Your assignment
All records below must be reproduced exactly, although any pictures they contain are to be omitted.

Available data
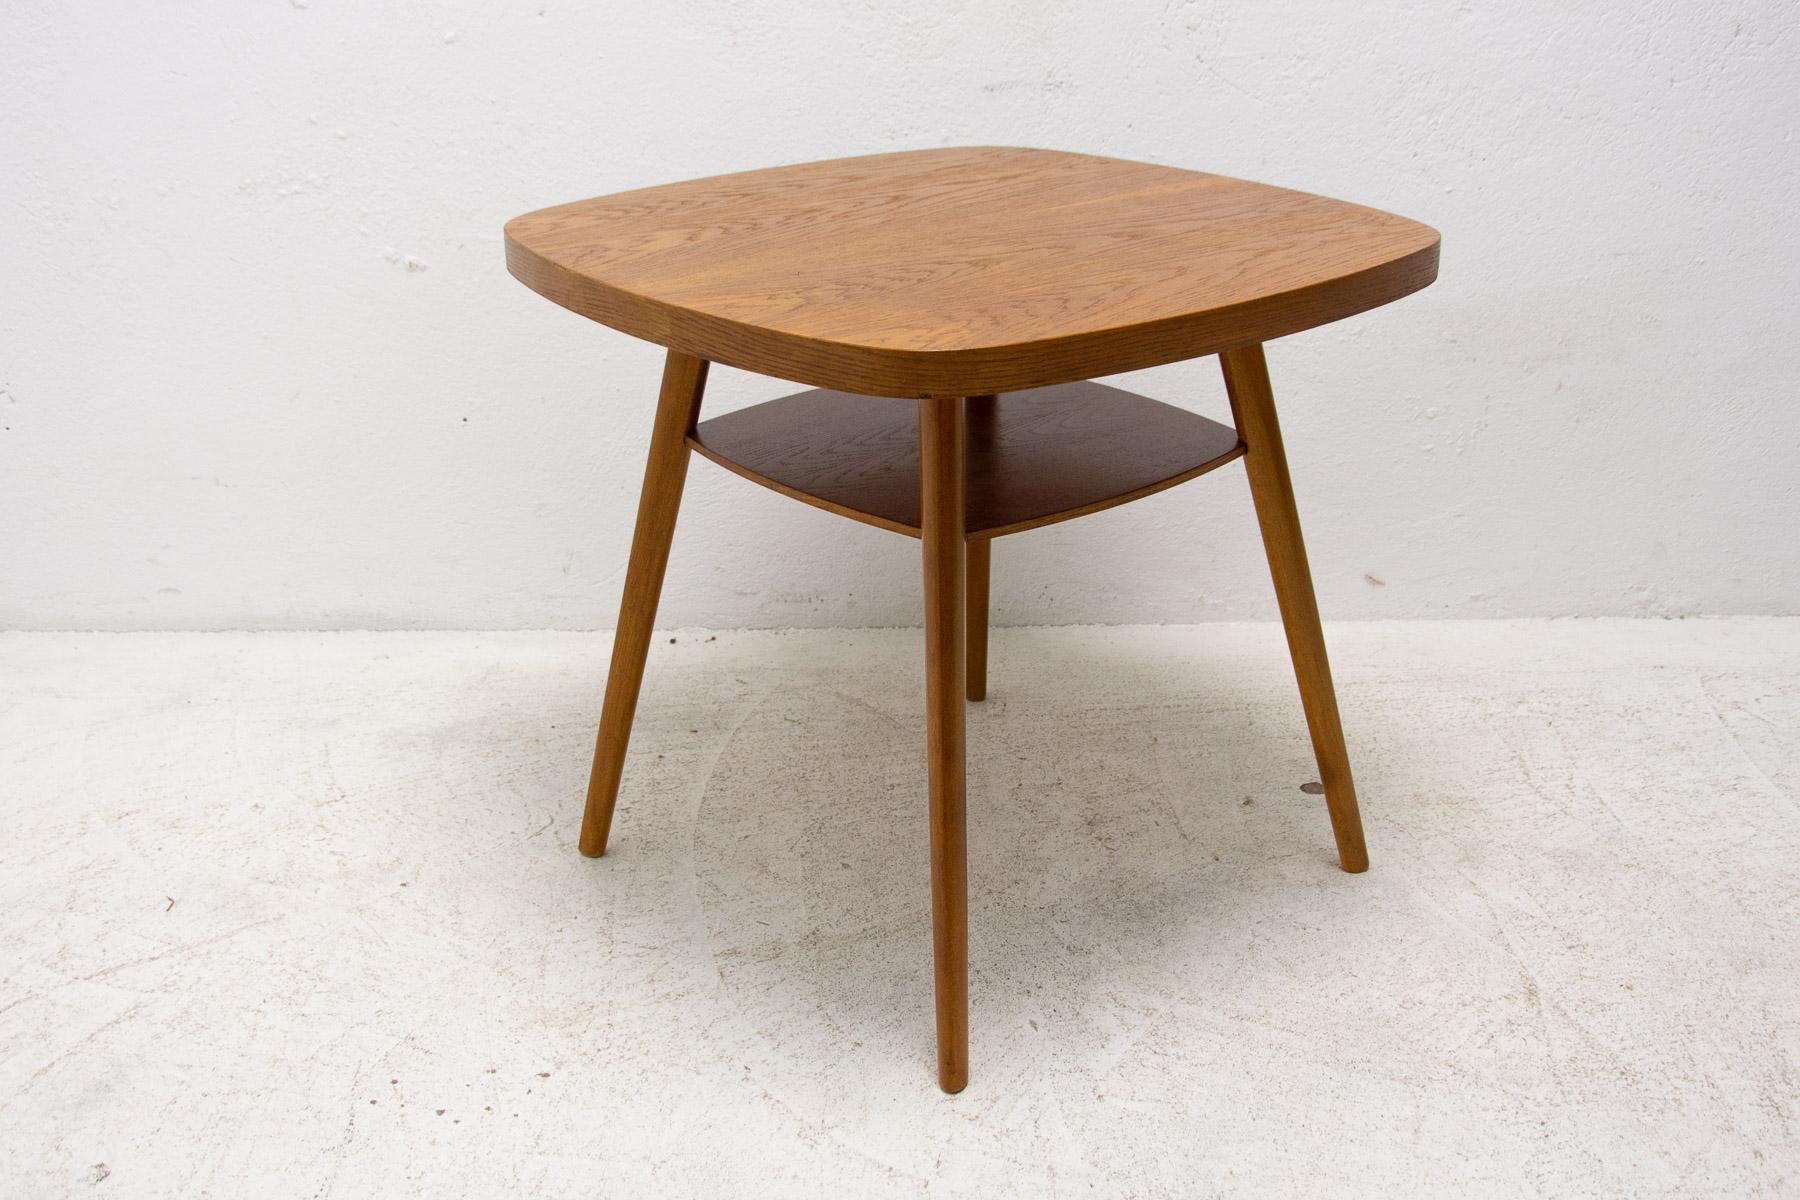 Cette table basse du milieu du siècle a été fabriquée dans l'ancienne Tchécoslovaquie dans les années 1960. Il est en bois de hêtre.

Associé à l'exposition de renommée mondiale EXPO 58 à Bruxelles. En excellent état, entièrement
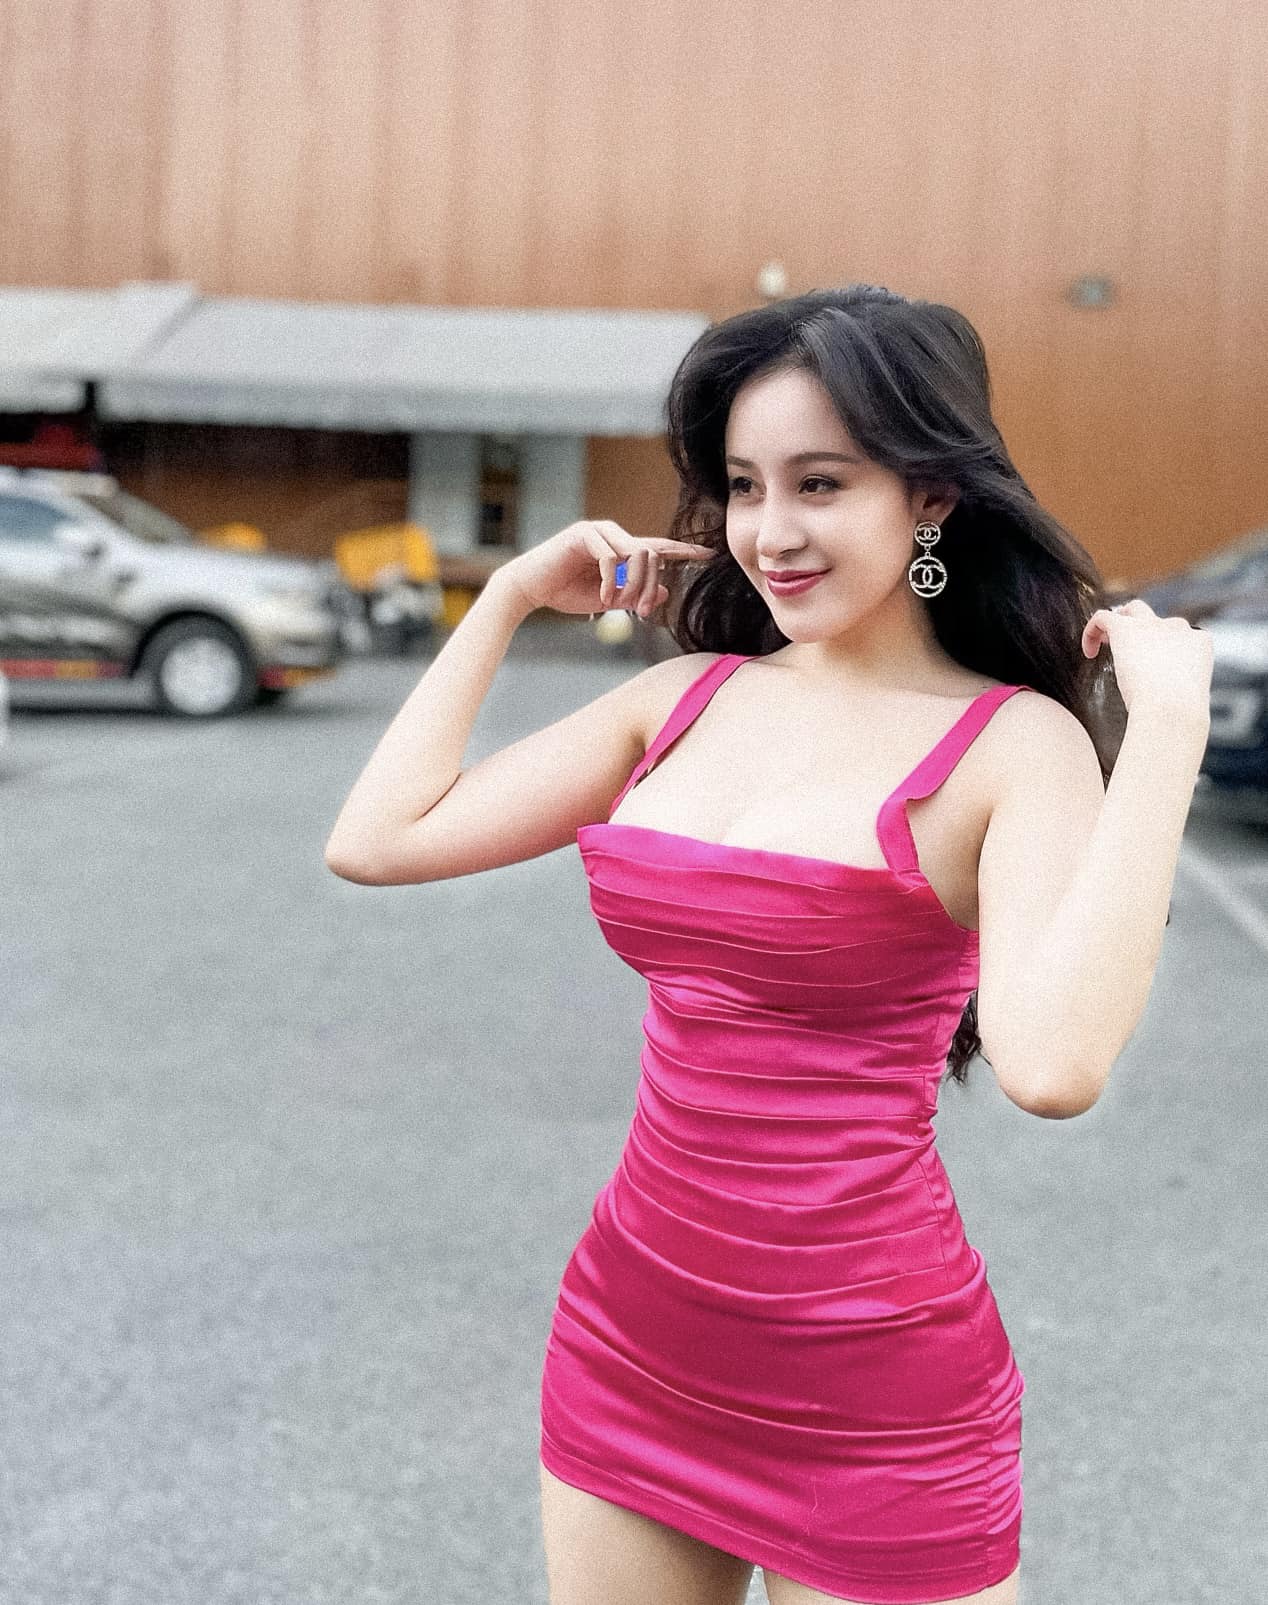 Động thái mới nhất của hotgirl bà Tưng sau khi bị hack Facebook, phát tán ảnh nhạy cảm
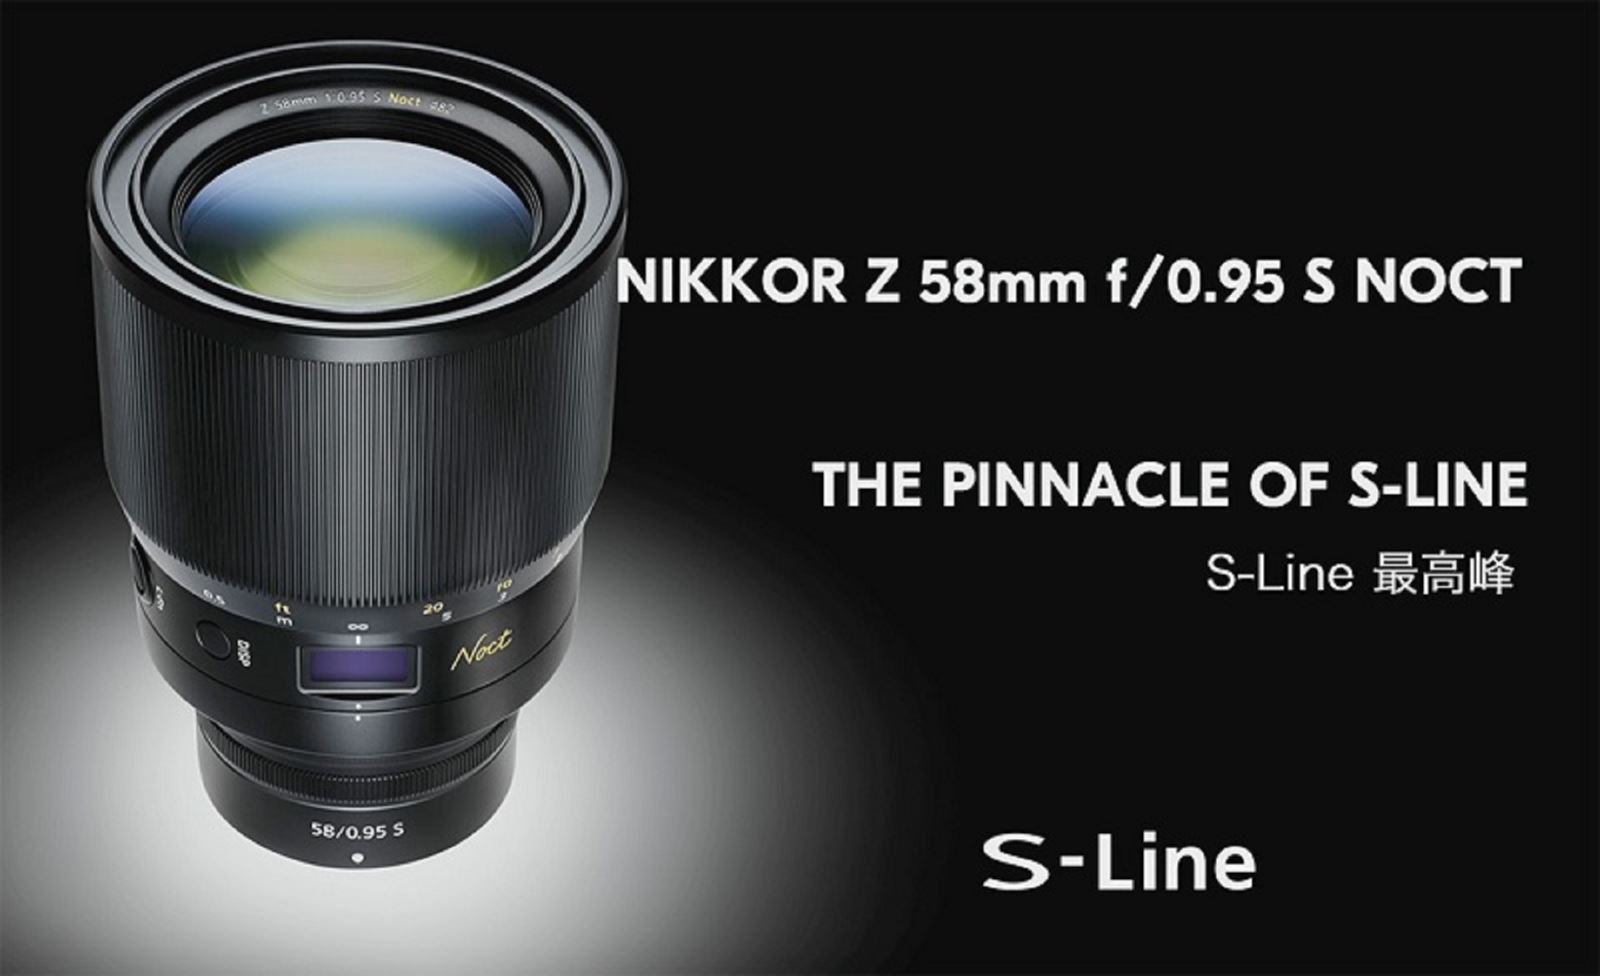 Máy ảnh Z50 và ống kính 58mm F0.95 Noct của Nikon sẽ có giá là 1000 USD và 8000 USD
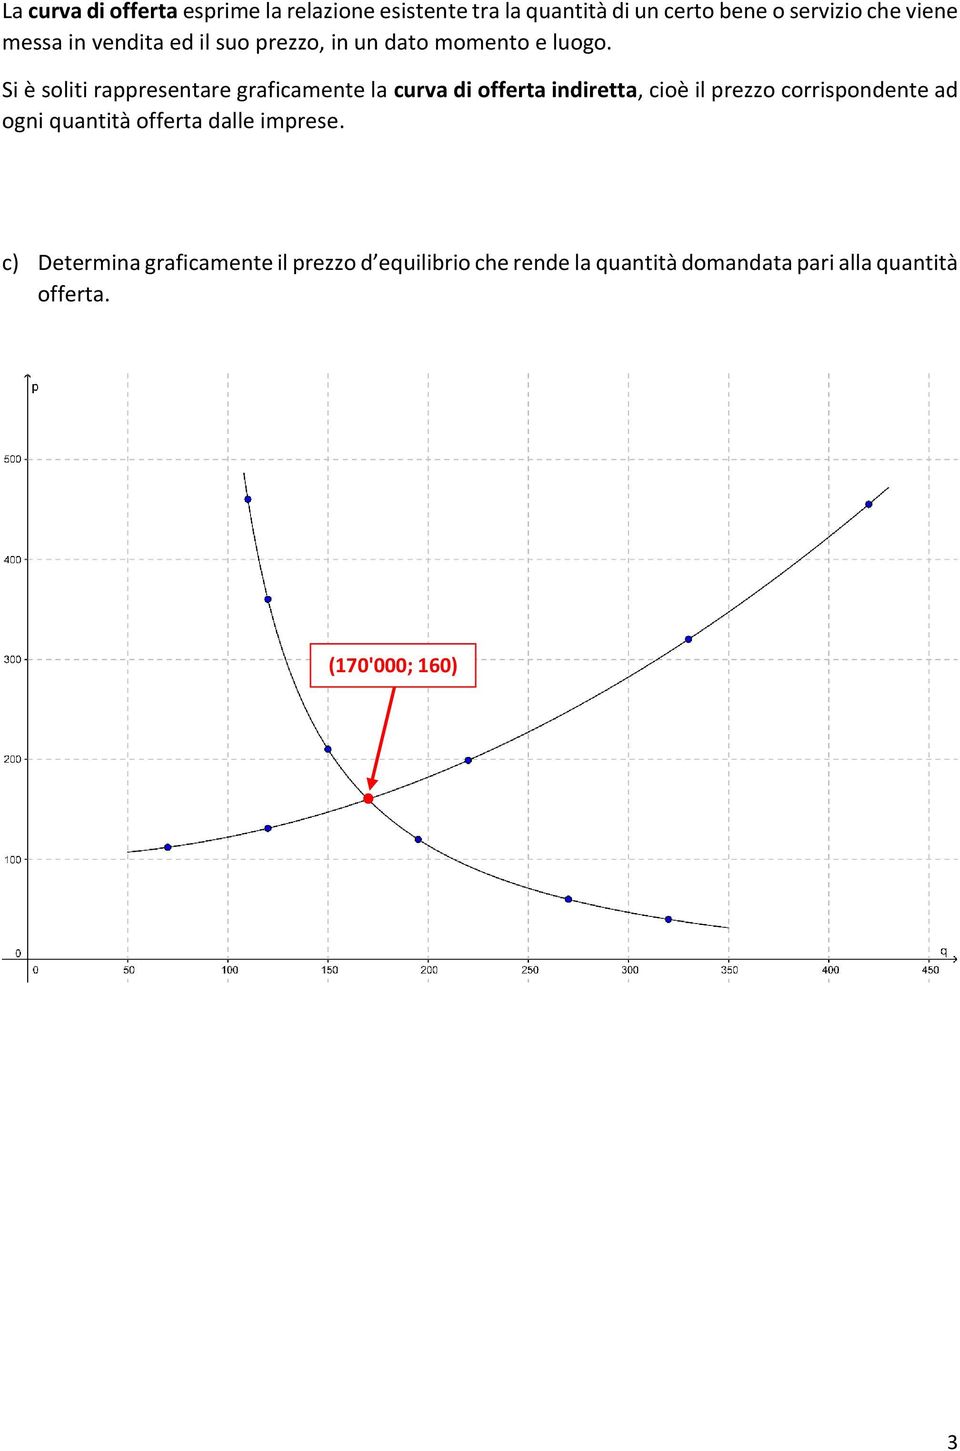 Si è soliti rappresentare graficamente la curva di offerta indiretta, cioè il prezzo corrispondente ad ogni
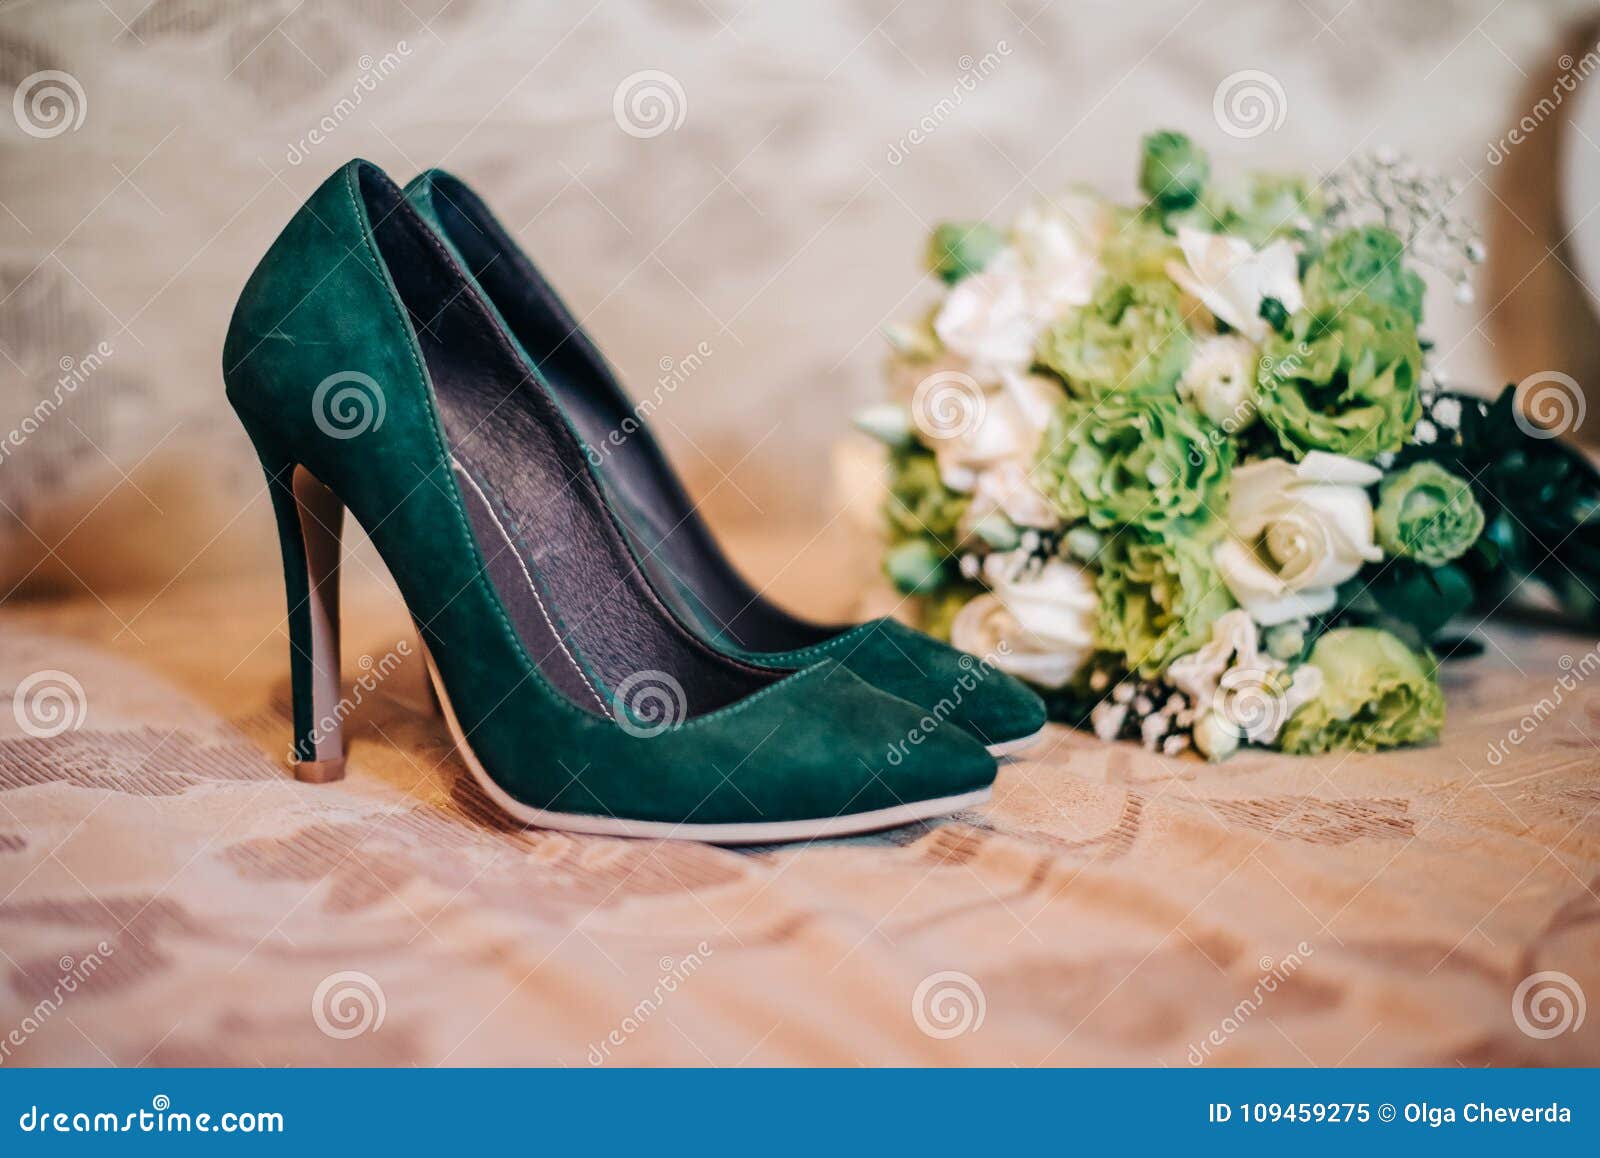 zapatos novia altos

Result
 Cette table basse du milieu du siècle a été fabriquée dans l'ancienne Tchécoslovaquie dans les années 1960. Il est en bois de hêtre.

Associé à l'exposition de renommée mondiale EXPO 58 à Bruxelles. En excellent état, entièrement
 Động thái mới nhất của hotgirl bà Tưng sau khi bị hack Facebook, phát tán ảnh nhạy cảm
 Máy ảnh Z50 và ống kính 58mm F0.95 Noct của Nikon sẽ có giá là 1000 USD và 8000 USD
 Si è soliti rappresentare graficamente la curva di offerta indiretta, cioè il prezzo corrispondente ad ogni
 zapatos novia altos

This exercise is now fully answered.